The historic ordination of the first female bishop in the Church of England has already made an impact on ecumenical relations, the Catholic archbishop responsible for dialogue and unity said this week.
On Monday Revd Libby Lane was ordained and consecrated as Bishop of Stockport following the passing of legislation allowing women bishops by the Church of England’s General Synod in July last year.
But Archbishop Bernard Longley, who is co-chairman of the Anglican-Roman Catholic International Commission (Arcic) and leads the Bishops’ Conference of England and Wales dialogue and unity department, said: “Sadly ... Bishop Lane’s consecration at York Minster serves to highlight one of the major challenges that Anglicans and Catholics in England face on the path towards full visible unity.” He added: “The ordination of women to the episcopate presents a further obstacle to achieving that unity among us for which Our Lord prayed.”
Bishop Lane’s consecration was attended by representatives of the Methodists, the United Reformed Church, the Moravian Church and other denominations, but no one from the Catholic Church was present in an official capacity at Monday’s service in York Minster.
The Bishop of Shrewsbury, Mark Davies, was invited to attend but a spokesman said he had another engagement. The Provincial of the Carmelites, Fr Tony Lester, had planned to be present but was thwarted by a bout of toothache. No one else was able to go in his place.
Canon John O’Toole, ecumenical officer at the Bishops’ Conference, said he could see that there might be concerns among some Catholic prelates that their attendance at the ordination of a female bishop might be construed as support for the process – but, he stressed, this would absolutely not be the case. “People might have thought, by being present what message would it give out?” he said.
But Catholic bishops and priests have attended Anglican and other Christian denomination services without it meaning an endorsement, he said.
He said the bishops worked closely with their Anglican counterparts in most areas of the country, and said he hoped this would continue in dioceses where a Catholic bishop found himself with a female opposite number in the future.
“There may be a bit of initial hesitation, because many people don’t like change, but I think it will very quickly be seen as normal. Bishops are pragmatic and if there’s been a woman Methodist Superintendent in an area, for example, they’ve been able to work with them.”
He pointed out, however, that there was already both Catholic and Anglican female representation on Arcic. “It does change the culture and it might be that the culture will be different because it’s not all men,” he said.
Catholic and Church of England bishops also gather collectively for bi-lateral meetings.

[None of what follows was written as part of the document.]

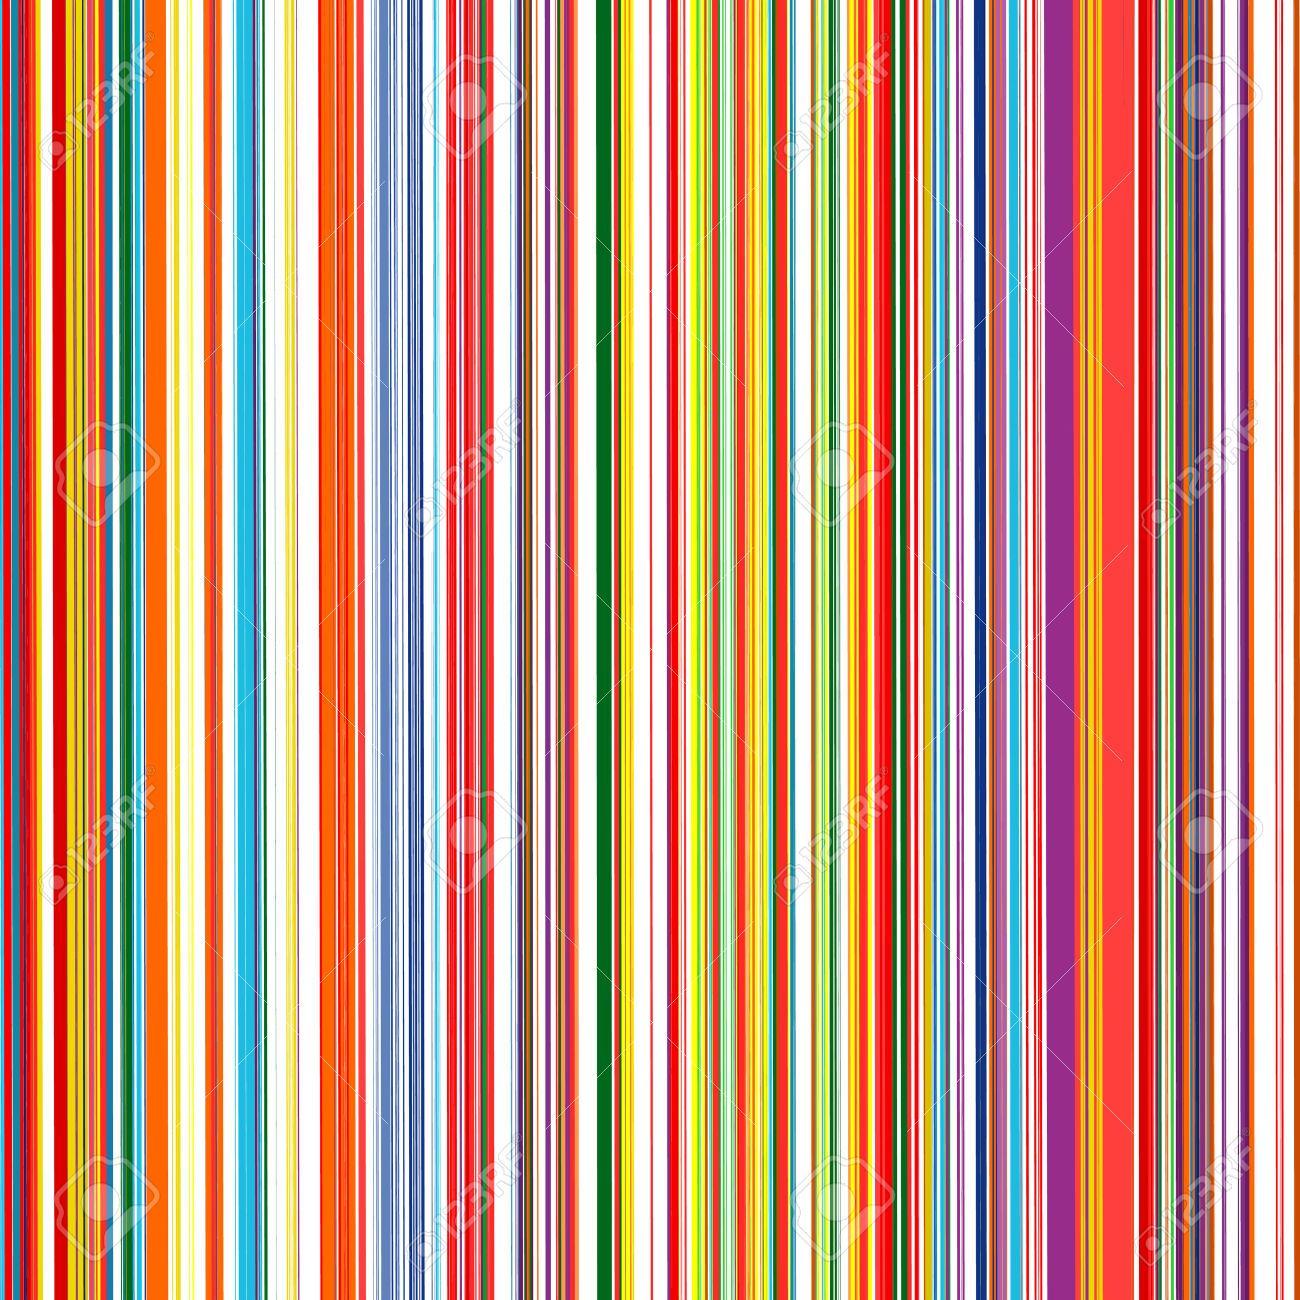 Pin by ASLI BARAN on SPAULDING CAMBRIDGE HDR Color

It is normal for local Christian leaders to be invited to the ordinations of both Catholic and Anglican bishops. Catholic representation is expected at the ordination of diocesan bishops in the Church of England but not necessarily at the consecration of suffragan bishops.
In September 2013, however, Archbishops Bernard Longley and George Stack and the Nuncio to Great Britain, Antonio Mennini – were present at the ordination in Westminster Abbey as suffragan Bishop of Tewkesbury of Martyn Snow, and of Jonathan Goodall to be “flying bishop” of Ebbsfleet, ministering to those in the diocese of Canterbury who cannot accept women’s ordination. Bishop Goodall is a former ecumenical secretary to two Archbishops of Canterbury.
Bishop Lane’s installation as bishop of Stockport will be at Chester Cathedral on 8 March. Bishop Davies is likely to again receive an invitation to attend this ceremony.